Conocida desde los tiempos de Hipócrates, la Fibrilación Atrial es, posiblemente, la Arritmia Cardiaca más frecuente después de la Taquicardia Sinusal.
Se han propuesto, a lo largo de los Tiempos, distintos tratamientos tanto para Control de la Frecuencia como del Ritmo. Dentro de dichos tratamientos (Cardioversión Farmacológica) quizá sean los Digitálicos los que marcaron una época a principios de S.XIX.

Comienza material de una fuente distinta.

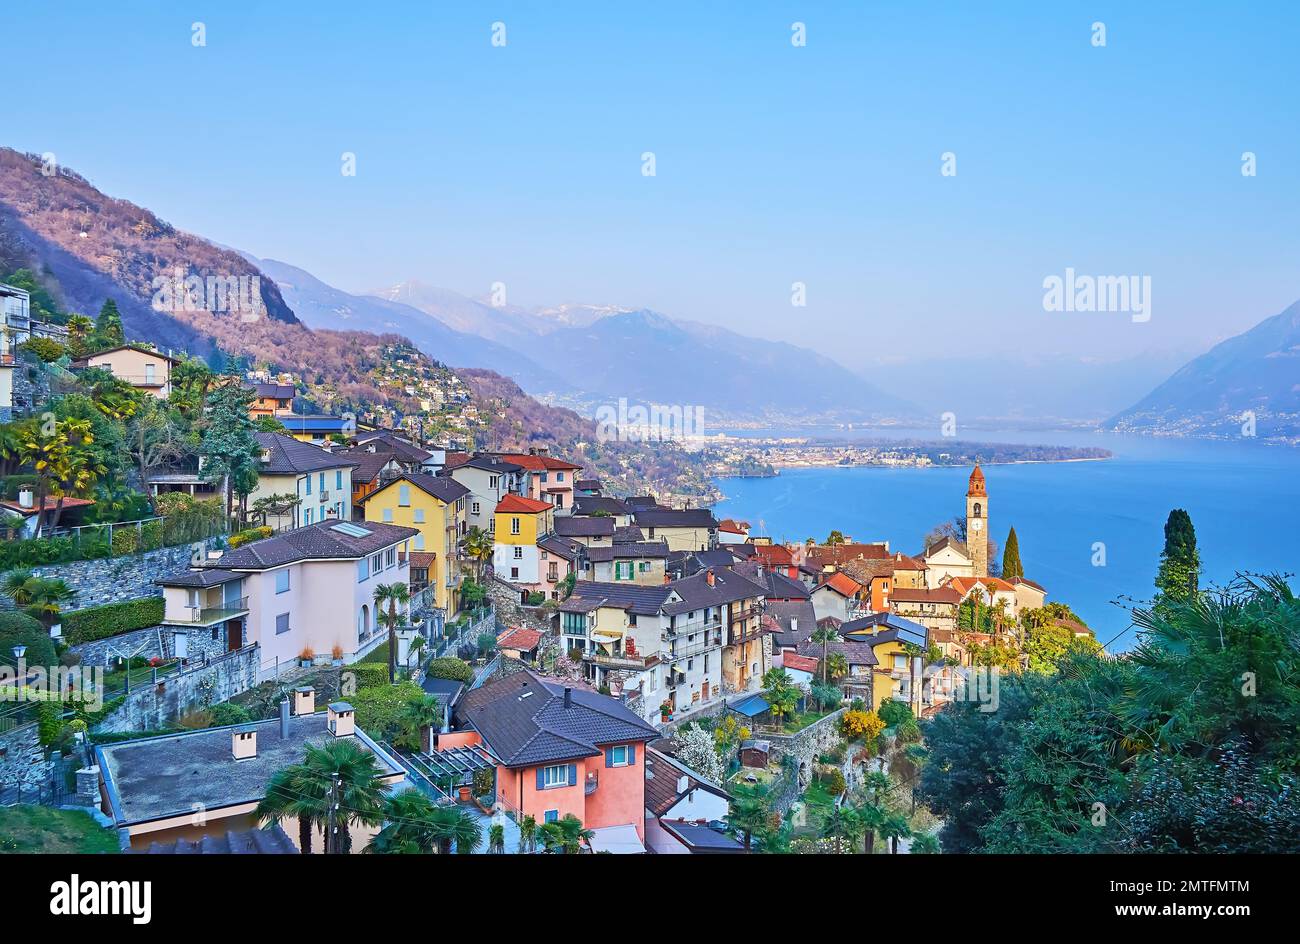 El hermoso paisaje alpino con casas de ronco sopra Ascona, azul lago Maggiore y montañas nebulosas a la luz del sol de la tarde, Suiza Foto de stock

(ENSAYO CLÍNICO SOBRE 170 PACIENTES AFECTOS DE ACxFA)
HIPÓTESIS
Comparar los efectos de dosis fija de Digoxina por separado y en combinación con cuatro fármacos antiarrítmicos en dosis ajustadas para el control de Frecuencia Cardiaca en pacientes con Fibrilación Atrial “no controlada” así como evitar el mayor número de nuevos episodios. Se utilizo la Digoxina como fármaco-control por sus efectos sobre todas las estructuras cardiacas, sobre todo, por el efecto dromotrópico.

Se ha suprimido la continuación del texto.